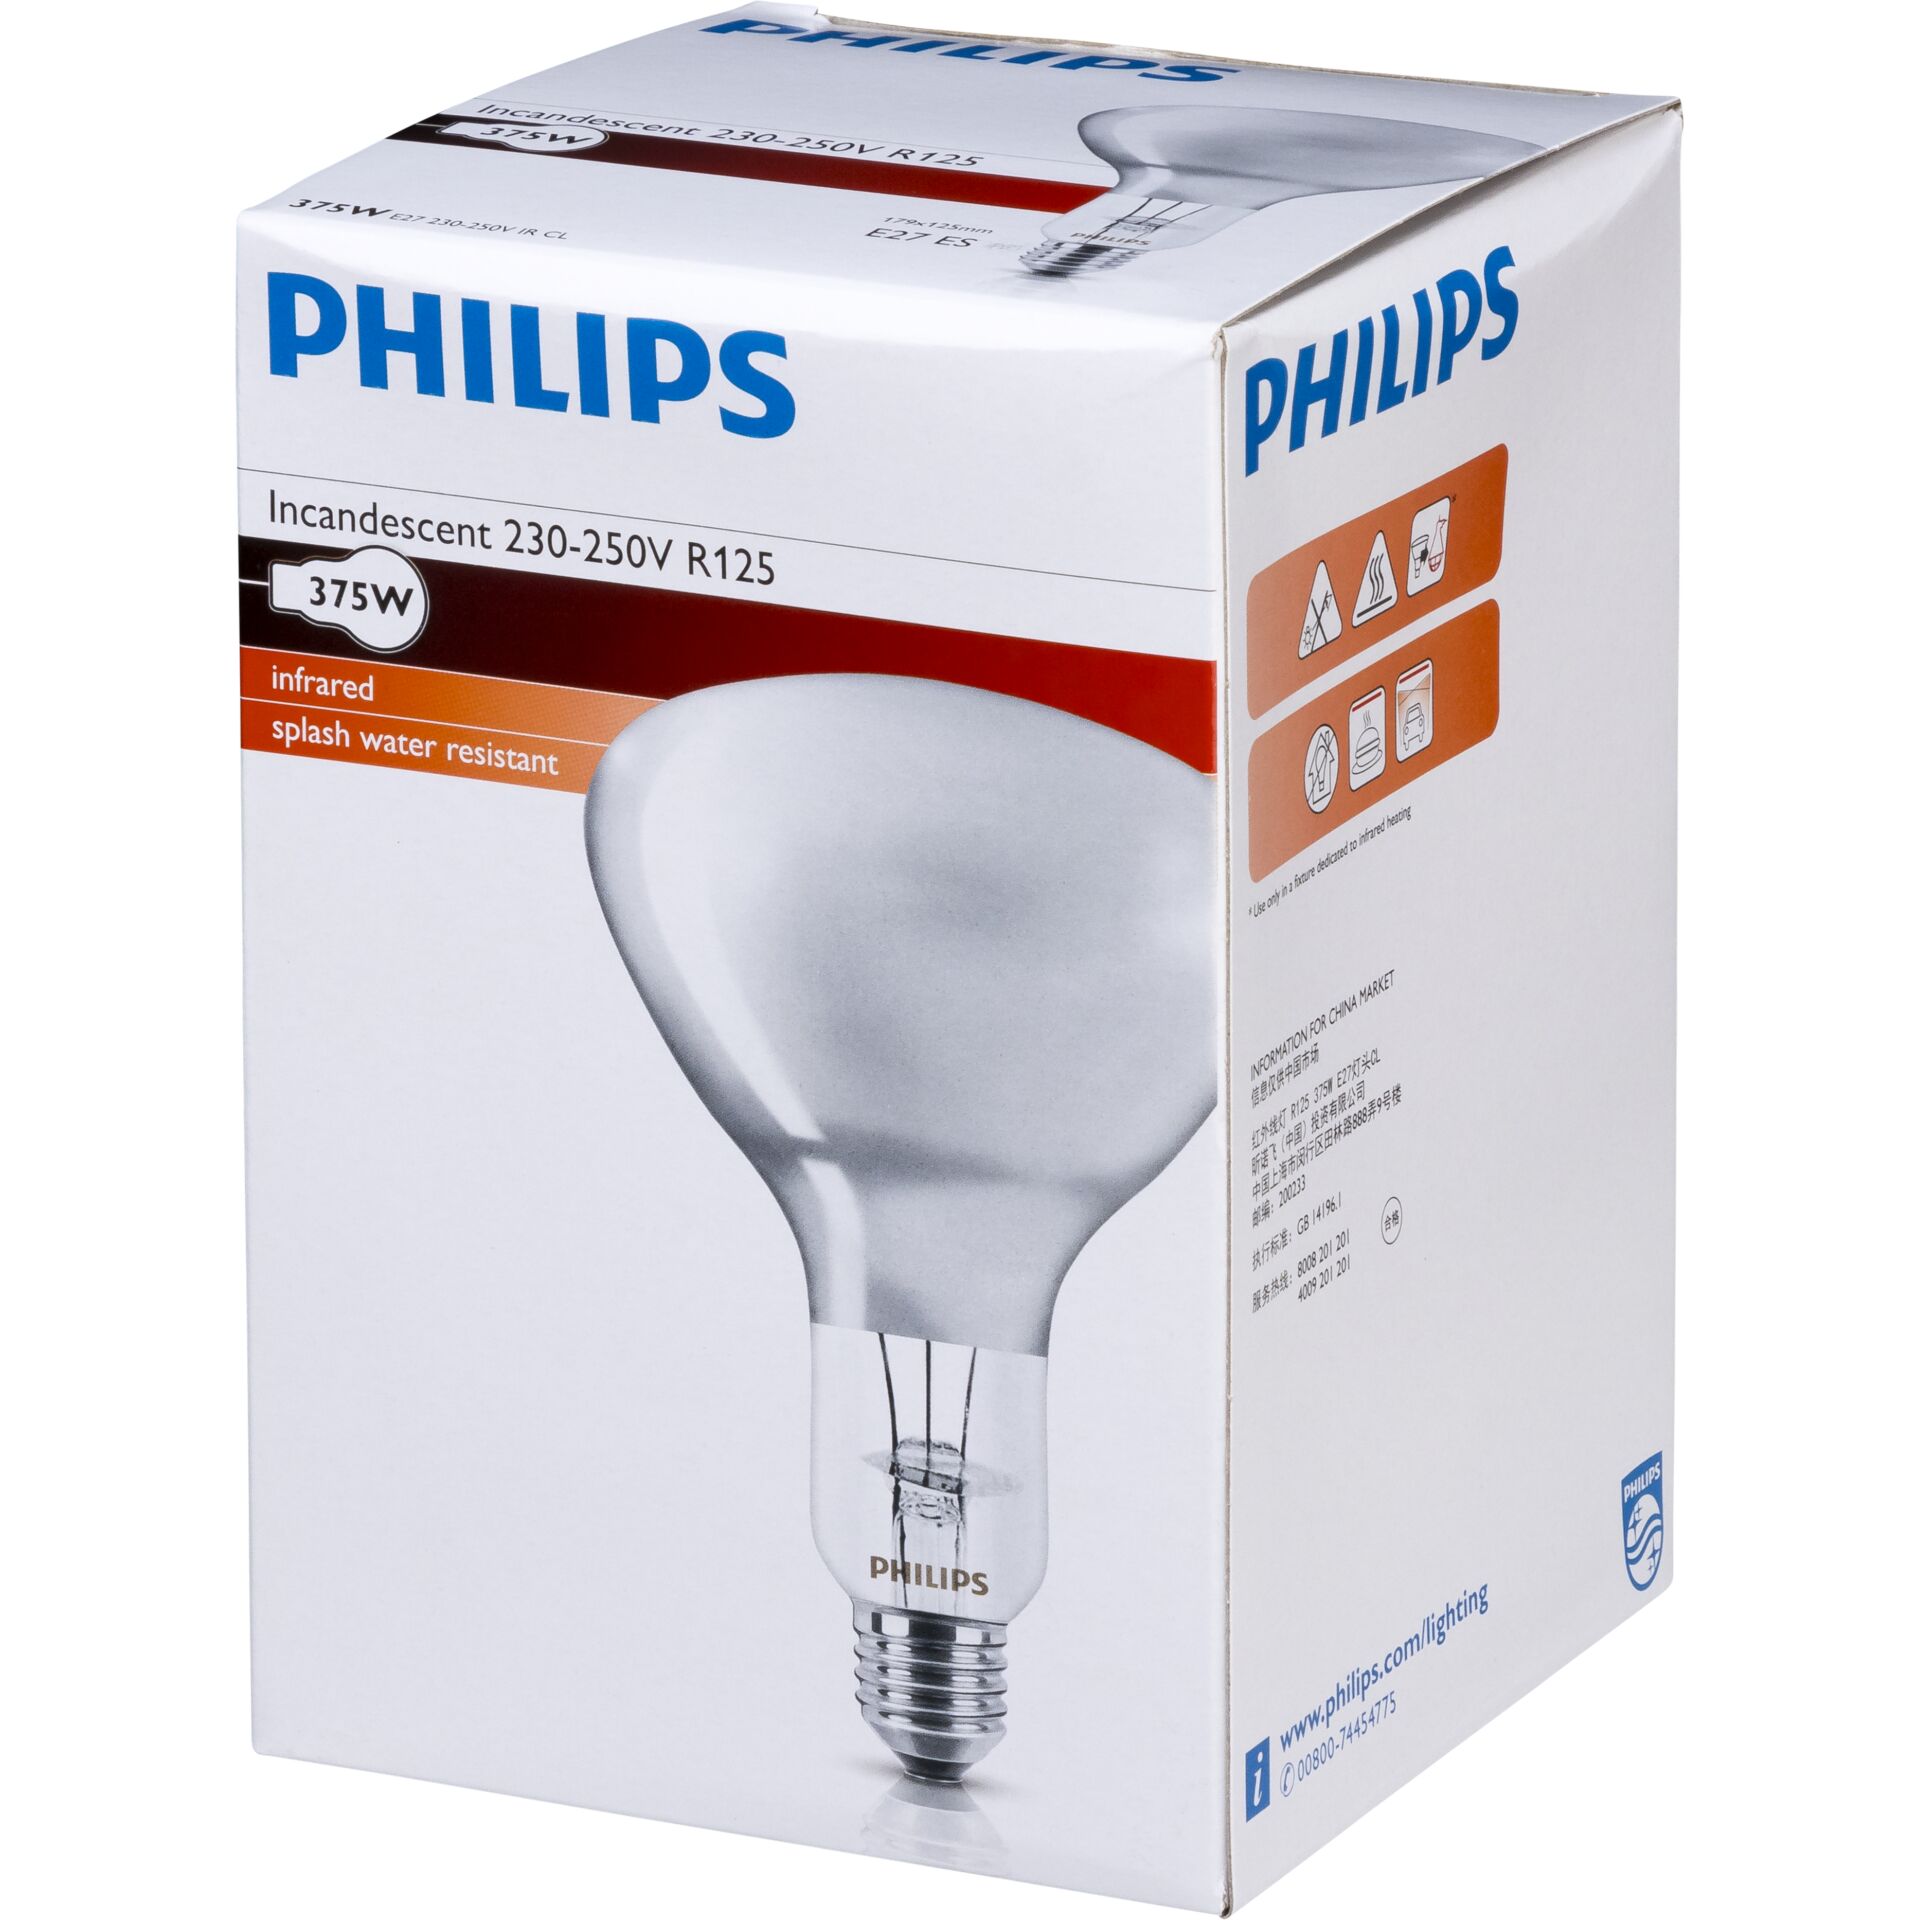 Philips lampada infrar. BR125 IR 375W E27 230-250V CL
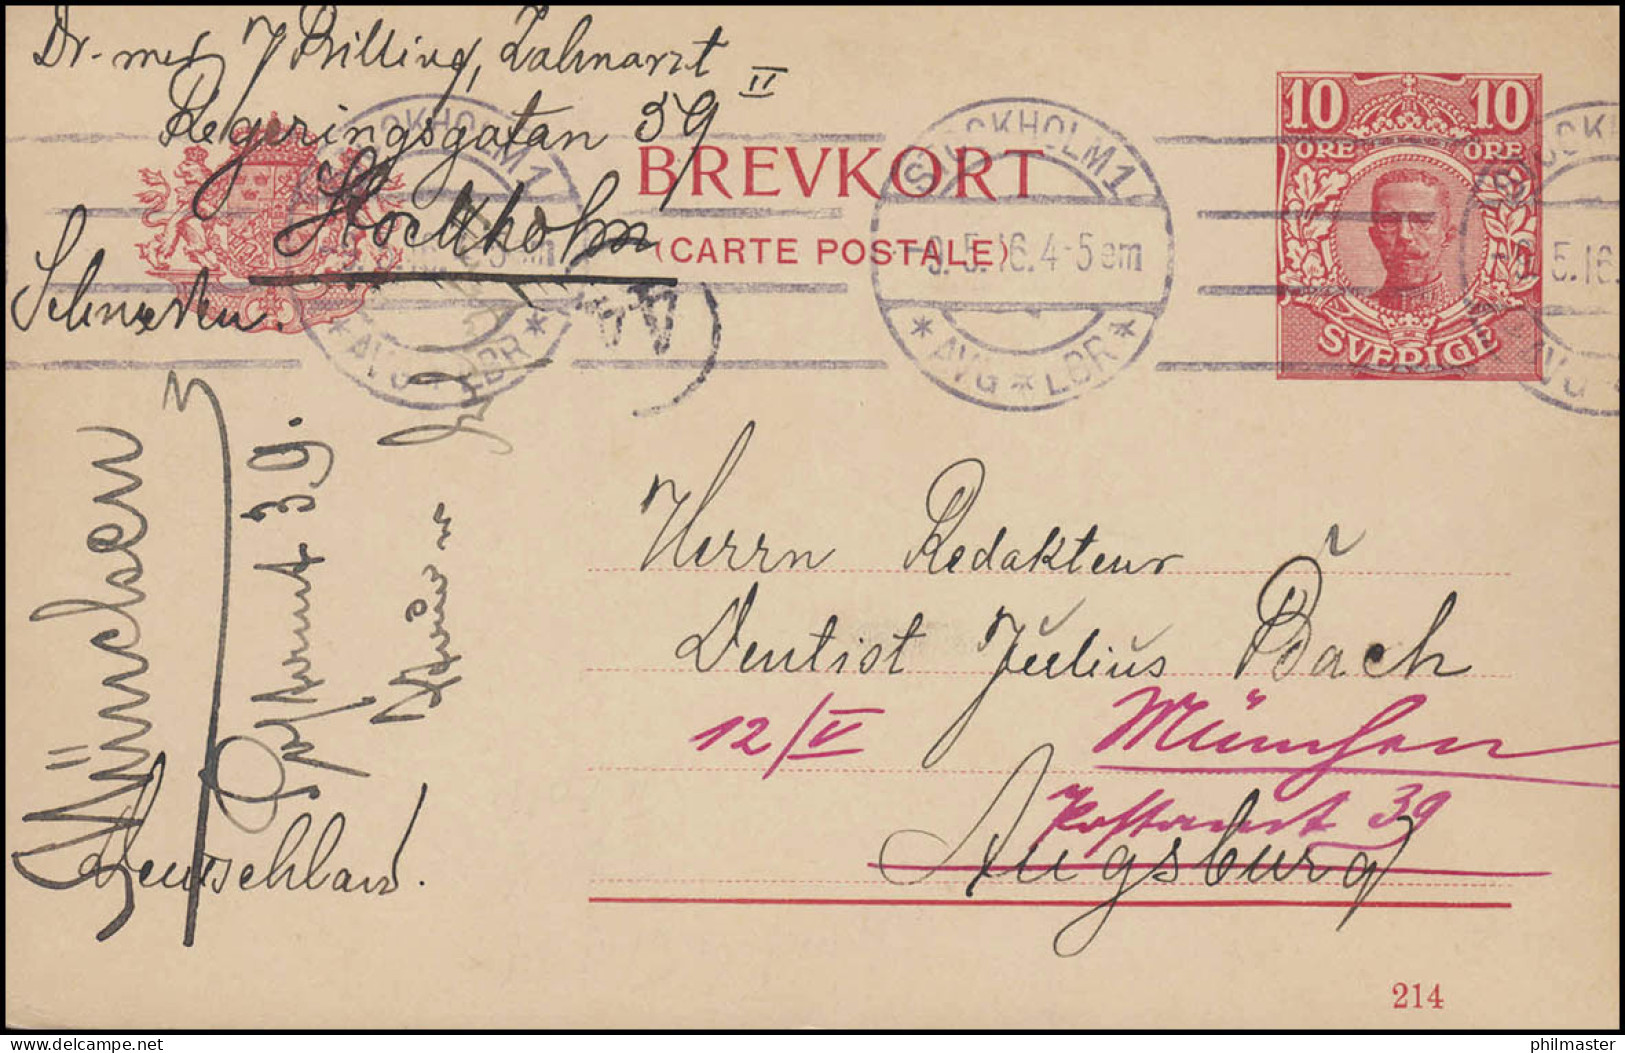 Postkarte P 30 BREFKORT König Gustav Mit DV 214, STOCKHOLM 9.5.16 Nach Augsburg - Postal Stationery
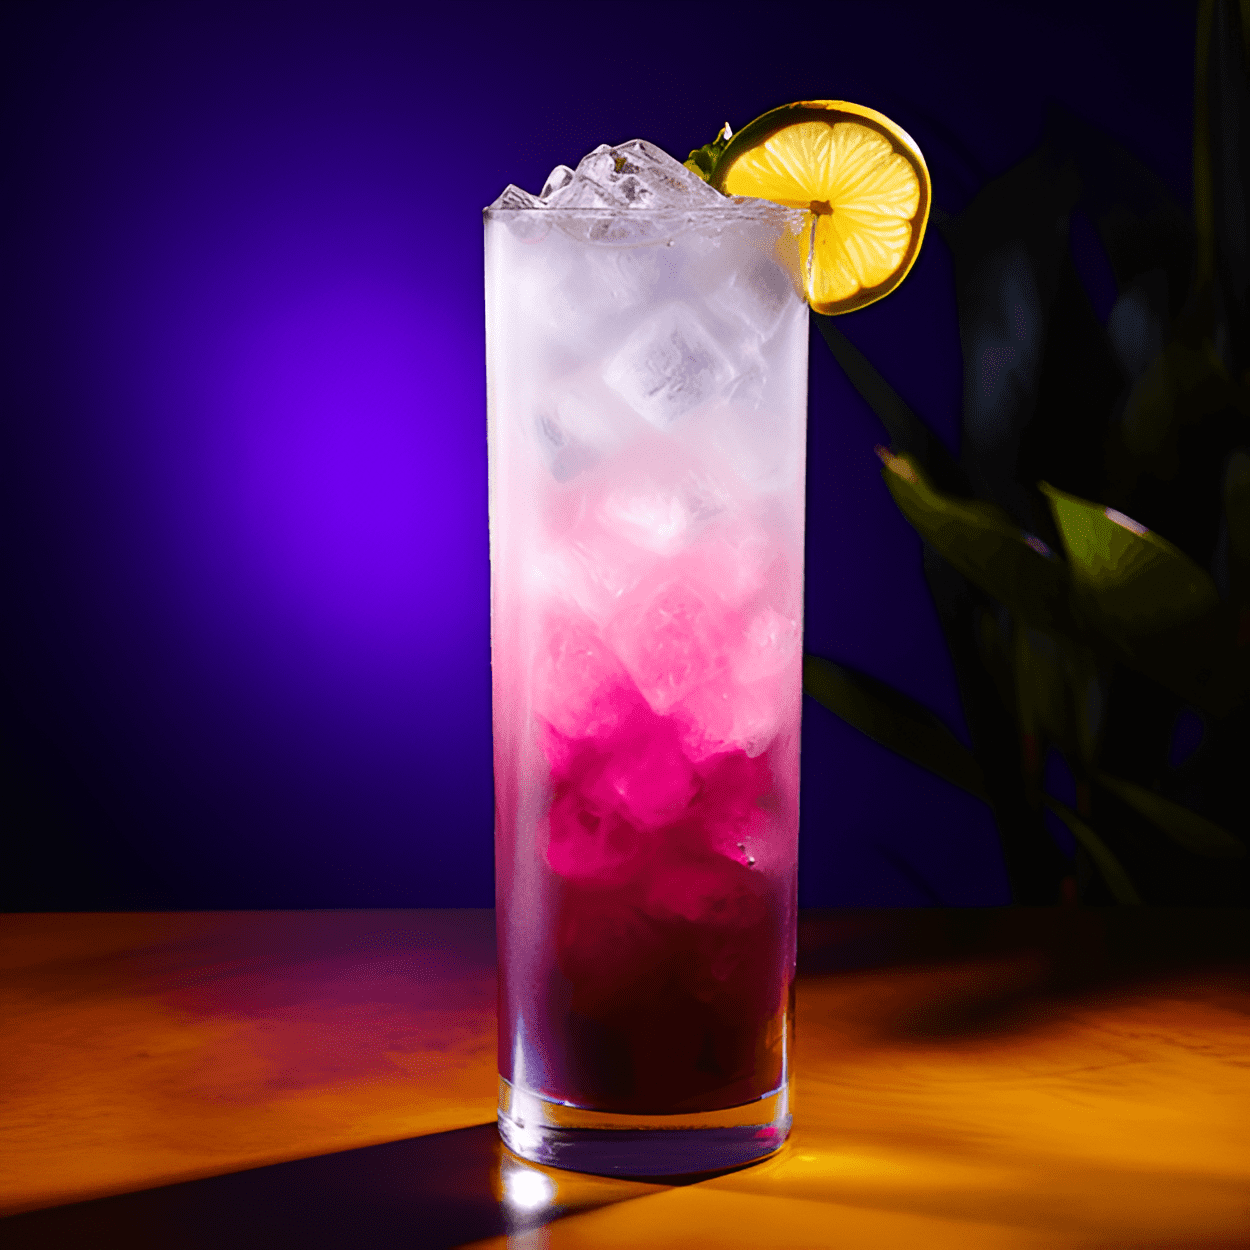 El cóctel Grape Ape es una bebida dulce y frutal con un vibrante color morado. Tiene un sabor refrescante y ácido, con un toque de acidez del refresco de limón-lima. La combinación de vodka de uva, blue curaçao y jugo de arándano crea un sabor único y delicioso.
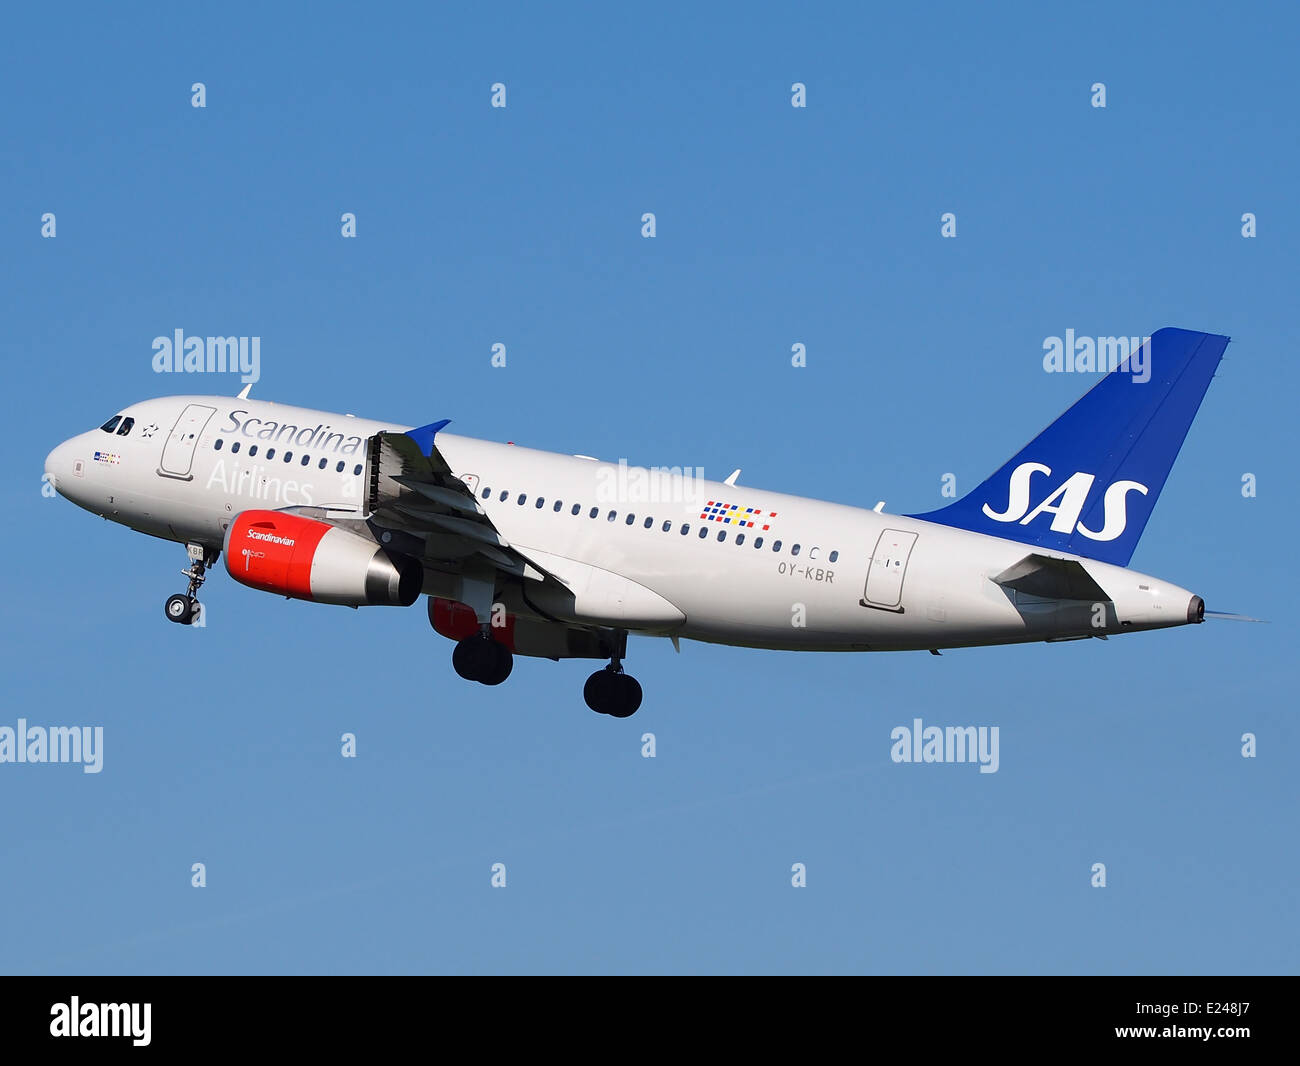 OY-KBR SAS Scandinavian Airlines Airbus A319-131 le décollage de l'aéroport de Schiphol (AMS - EHAM), aux Pays-Bas, 16mai2014, pic-3 Banque D'Images

### GOAL OF THE EXERCISE
The task requires restating verbatim the lines from the one that holds "Postkarte P 30" through the end of the listing, both ends counted, and no pictures.

### RESPONSE TO THIS EXERCISE
 Postkarte P 30 BREFKORT König Gustav Mit DV 214, STOCKHOLM 9.5.16 Nach Augsburg - Postal Stationery
 El cóctel Grape Ape es una bebida dulce y frutal con un vibrante color morado. Tiene un sabor refrescante y ácido, con un toque de acidez del refresco de limón-lima. La combinación de vodka de uva, blue curaçao y jugo de arándano crea un sabor único y delicioso.
 OY-KBR SAS Scandinavian Airlines Airbus A319-131 le décollage de l'aéroport de Schiphol (AMS - EHAM), aux Pays-Bas, 16mai2014, pic-3 Banque D'Images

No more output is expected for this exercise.